I do like focusing on companies that not only pass on their earnings growth to shareholders but do so consistently. In this regard, let’s dive into three top dividend aristocrat options which may not be as mainstream as the average picks you’d read about elsewhere.
Key Points About This Article:
- With a relatively small list of dividend aristocrats to choose from, I thought I’d broaden the criteria with this list and include a couple “off the board picks.”
- Let’s dive into three current, future and former dividend aristocrats investors may want to consider at this point in the market cycle.
- If you’re looking for some stocks with huge potential, make sure to grab a free copy of our brand-new “The Next NVIDIA” report. It features a software stock we’re confident has 10X potential.
Kinder Morgan (KMI)
Kinder Morgan (NYSE:KMI) has established a notable dividend history since its public listing in 2011, reflecting its commitment to returning value to shareholders. The company has consistently paid dividends on a quarterly basis, raising its dividends for more than 25 consecutive years to become a top current dividend aristocrat I think investors ought to consider right now.
For those seeking a company paying out a dividend yield of 4.1%, this is a top stock I think is worth considering. The company’s status as a leading energy infrastructure (pipeline) operator has positioned investors well to receive very consistent and growing distributions over the long-term.
With the vast majority of Kinder Morgan’s revenues locked into long-term contracts with select clients, often stipulating price increases across a predetermined schedule for many years to come, the company is able to very accurately predict where its cash flows will come in at over time, and what percentage to pass back to shareholders. That said, this company hasn’t been shy on expanding as well, with various strategic acquisitions (such as Stagecoach and Kinetrex) aiming to enhance the company’s infrastructure and market share in renewable natural gas, a key potential growth area long-term investors will want exposure to.
In July, Kinder Morgan launched the $3 billion South System Expansion 4 Project to meet rising natural gas demand in the southeastern U.S. The company also expanded its Gulf Coast Express Pipeline, moving Permian Basin gas to Texas’s major LNG hub. I’m of the view that these projects should position the company well for further cash flow growth over time, and this dividend aristocrat certainly looks like a buy with its current yield and valuation at around 21-times forward earnings.
AT&T (T)
AT&T (NYSE:T) is a company that was previously a dividend aristocrat, with a streak that was officially broken in 2022. Thus, it’s perhaps a stock that shouldn’t be on this list.
However, the company’s history of continued dividend growth in a rather stable industry does provide some credence as to why long-term dividend investors may still want to consider this telecom giant which currently provides investors with a dividend yield of 4.8%. In my view AT&T’s dividend stability has improved, as evidenced by the company’s third-quarter earnings report which highlighted positive trends in key financial metrics.

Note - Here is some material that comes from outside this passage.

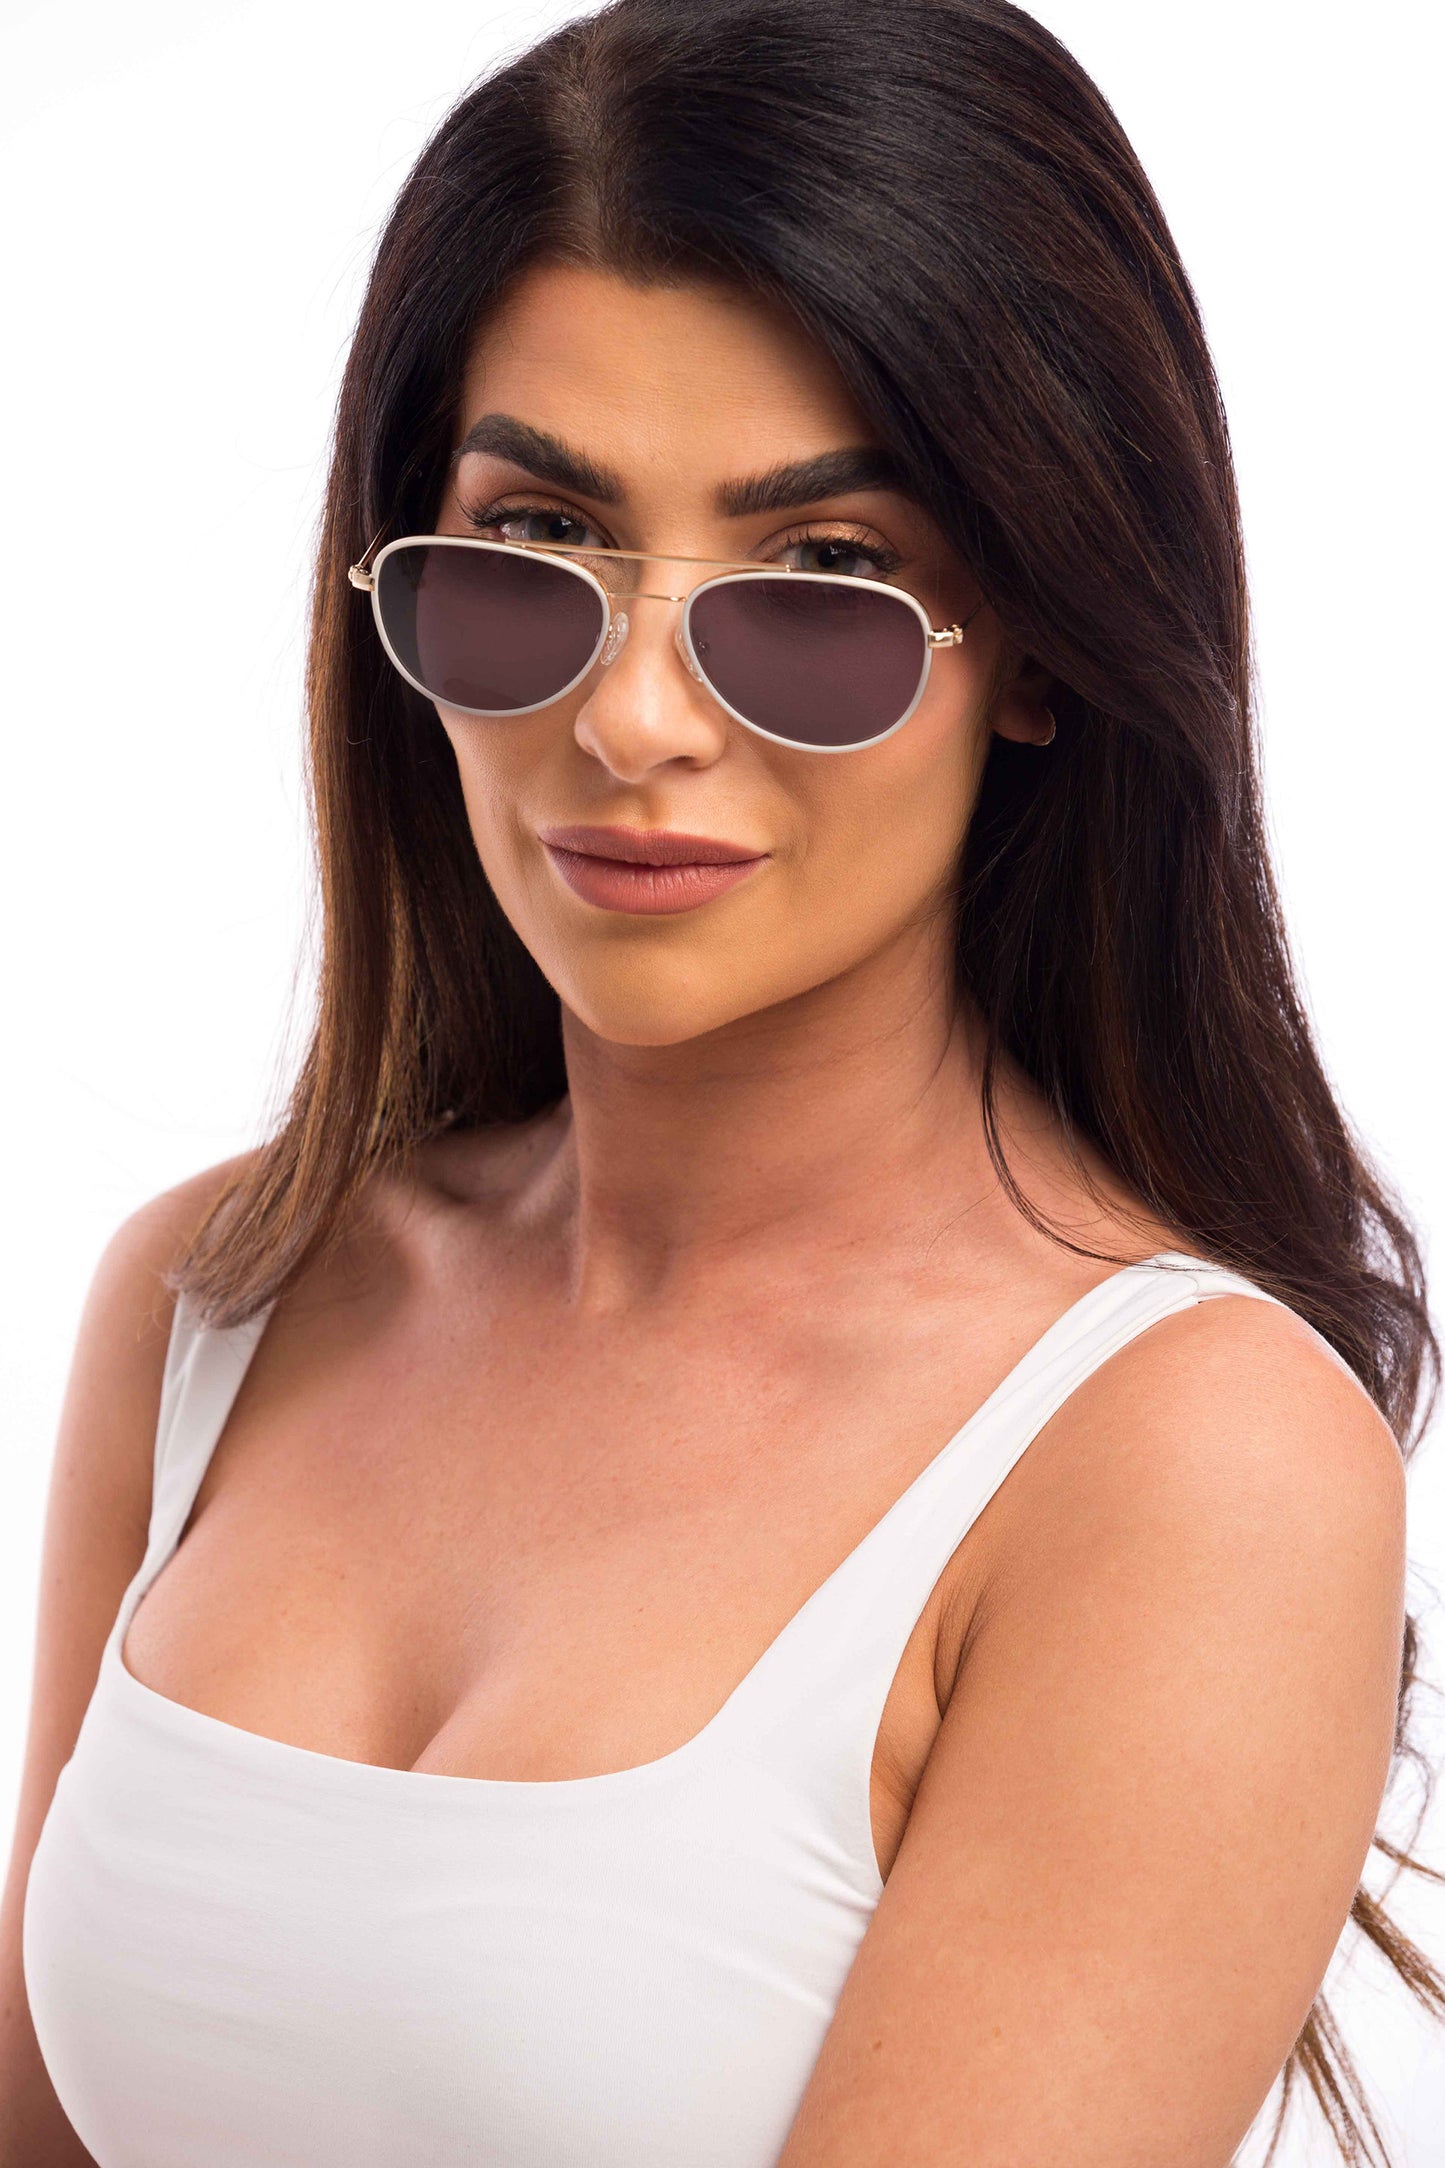 Cali Sunglasses Prescription (Grey)

AT&T’s third-quarter results were mixed, with revenue down 0.5% to $30.2 billion and adjusted EPS falling 6.3% to $0.60. Notably, operating and free cash flow dropped slightly year over year. However, key positives included a 3.4% increase in adjusted EBITDA to $11.6 billion driven by mobility and fiber growth. Additionally, mobility services revenue rose 4% to $16.5 billion, and consumer broadband revenue grew 6.4% to $2.8 billion. Despite various challenges, AT&T added over 200,000 fiber customers for the 19th consecutive quarter.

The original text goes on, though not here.